I also enjoy people - good people - great characters that make me realize that although we aren't all outgoing, we can all be great characters - diversity is the spice of life - it would be incredibly boring if we were all the same.

All this makes me very grateful. And to imagine that we are only capable of understanding and appreciating a small part of our world. There is so much more out there which we haven't even scratched the surface.


----------



## cioco (Jun 30, 2012)

All the little things =)

I'm doing it right now! - listening to a band I'm obsessed with. Currently it's Franz Ferdinand. I don't know why, but it makes me really happy. And the leadsinger (Alex Kapranos) looks yummers. 

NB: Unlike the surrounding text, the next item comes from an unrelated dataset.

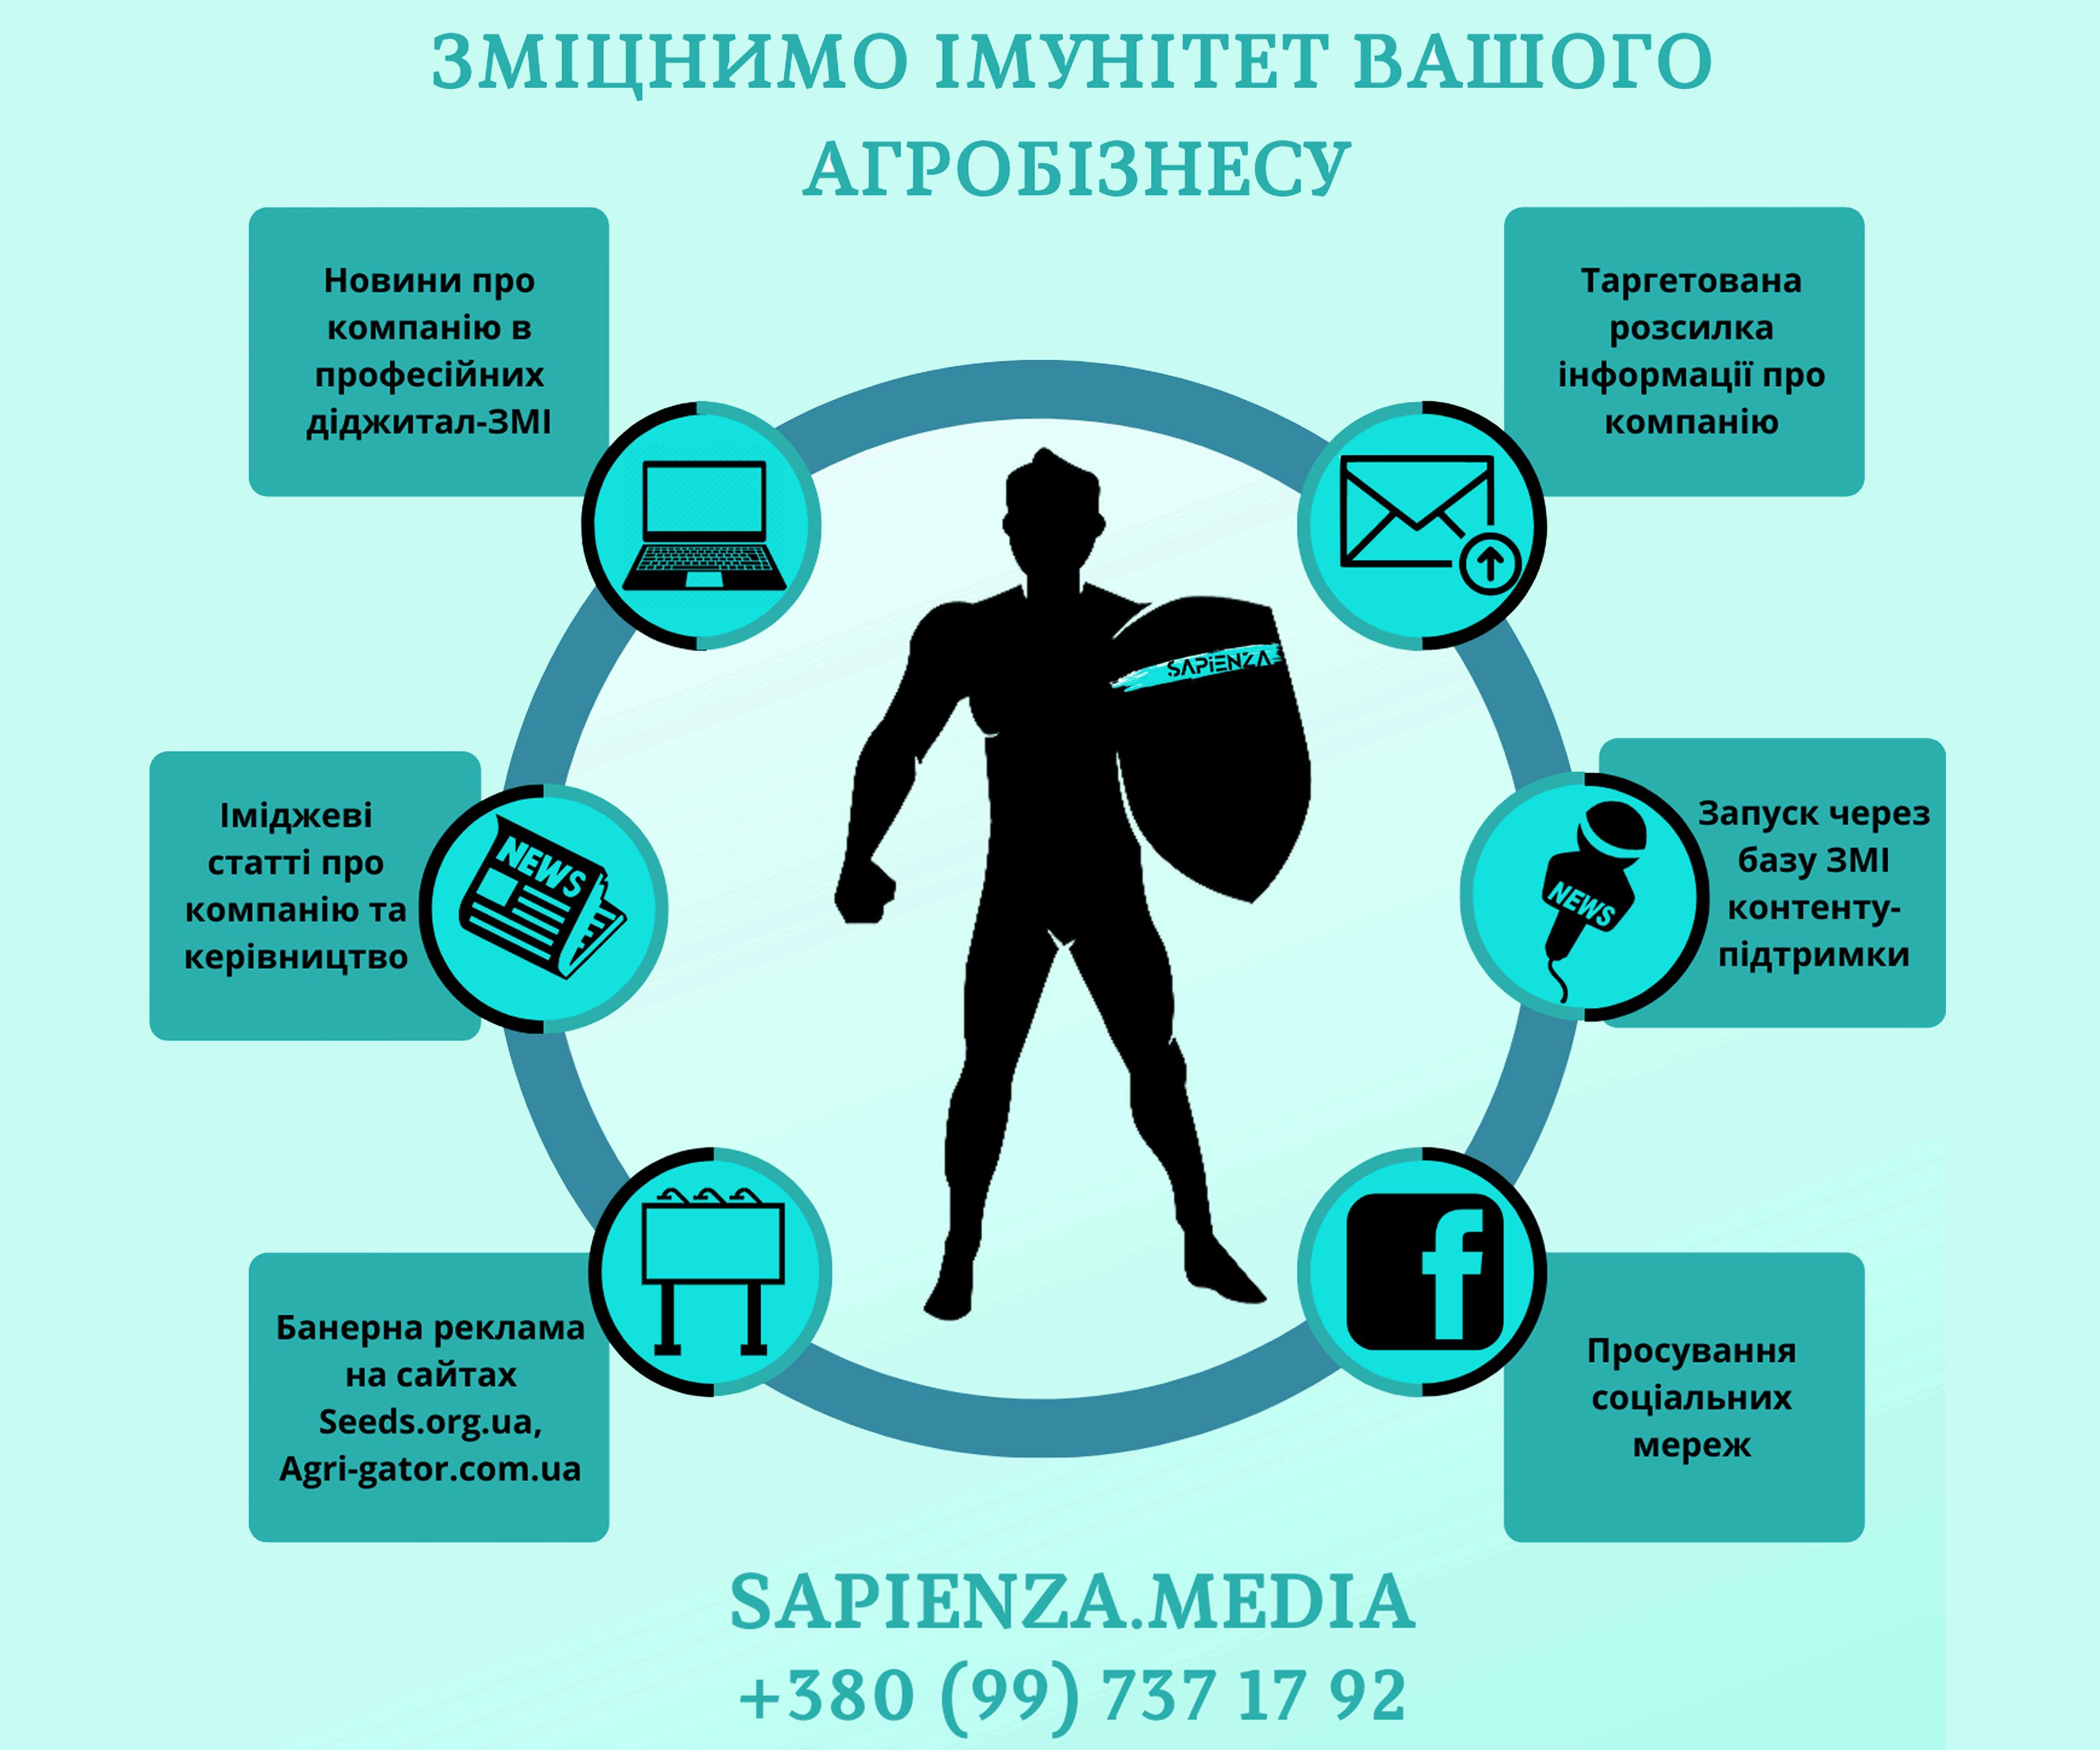 Sapienza immune
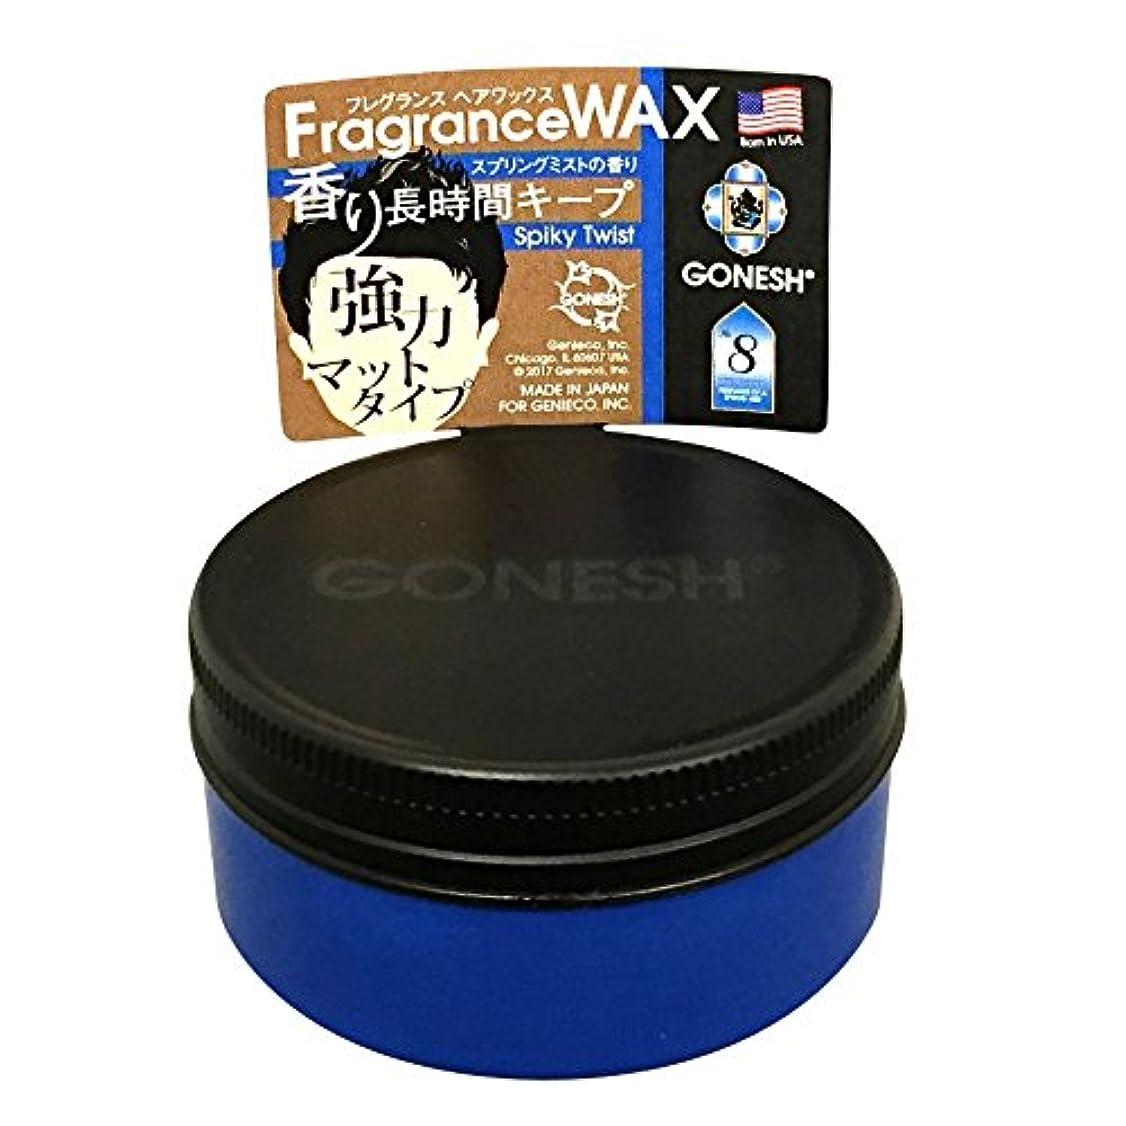 アナリストアクションすみませんGONESH フレグランスヘアワックス(スタイリング剤) NO.8 強力マットタイプ 60g

Playing video games with close friends. This really only serves to put things off my mind. Play a game or two of League of Legends.

Being with my boyfriend. 

Then there are the things that make me both happy and frustrated, like working towards any goals I have. The passion I have for it coupled with the fear of failure and the pressure to keep working hard. But I just...keep at it for some reason.


----------



## fleur (Nov 25, 2011)

music, books, cats, sunlight bursting through my windows, bird songs.


----------



## TobeyJuarez (May 16, 2012)

making people laugh


----------



## DesertStar91 (Feb 1, 2012)

Writing...always writing.


----------



## jneves4pt (Jun 19, 2012)

Listening to music at night d^_^b


----------



## Scarlett22 (Jun 28, 2012)

My family, my cats, Musicals, old movies, good books, chocolate.


----------



## awkwardsilent (Jun 14, 2012)

Music - Listening to and Dancing, Or playing, Or singing..It usually helps not always but its the best bet to make me feel good. 

My favorite TV shows, good 1 on 1 time with friends that I can honest about my feelings with.


----------



## iNeedtoRelax (Jul 1, 2012)

Anime, I love it. Also Ian Somerhalder.


----------